Cleanup do_full_int80()

Submitted by Nicolas Viennot on Sept. 30, 2019, 8:57 p.m.

Details

Message ID bda6223e555f41078dc3a823e2d38464@EXMBDFT10.ad.twosigma.com
State Accepted
Series "Cleanup do_full_int80()"
Commit e7570f3c1ea23b12297ad1f514949e26c6d5a360
Headers show

Commit Message

Nicolas Viennot Sept. 30, 2019, 8:57 p.m.
1) Instead of tampering with the nr argument, do_full_int80() returns
the value of the system call. It also avoids copying all registers back
into the syscall_args32 argument after the syscall.
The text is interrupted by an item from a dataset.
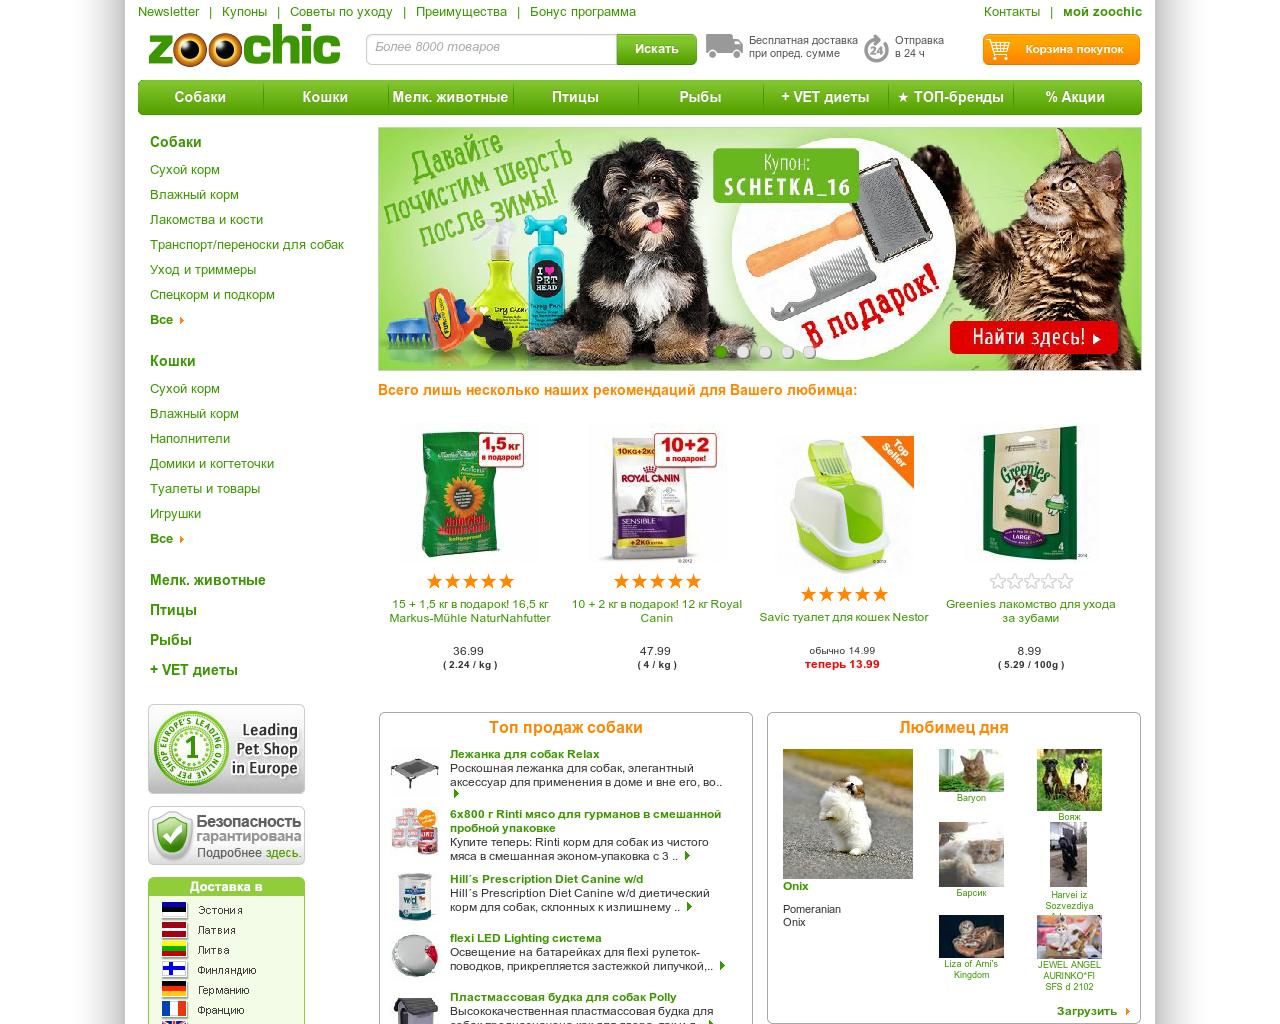 Изображение сайта zoochic.ru в разрешении 1280x1024

2) Additionally, the registers r12-r15 were added in the list of
clobbers as kernels older than v4.4 do not preserve these.

3) Further, GCC uses a 128-byte red-zone as defined in the x86_64 ABI
optimizing away the correct position of the %rsp register in
leaf-functions. We now avoid tampering with the red-zone, fixing a
SIGSEGV when running mmap_bug_test() in debug mode (DEBUG=1).

Signed-off-by: Nicolas Viennot <Nicolas.Viennot@twosigma.com>
---
 criu/arch/x86/crtools.c            |  6 ++--
 criu/arch/x86/include/asm/compat.h | 51 ++++++++++++++++++++----------
 criu/arch/x86/kerndat.c            |  4 +--
 criu/arch/x86/restorer.c           |  3 +-
 criu/arch/x86/sigaction_compat.c   |  6 +---
 5 files changed, 40 insertions(+), 30 deletions(-)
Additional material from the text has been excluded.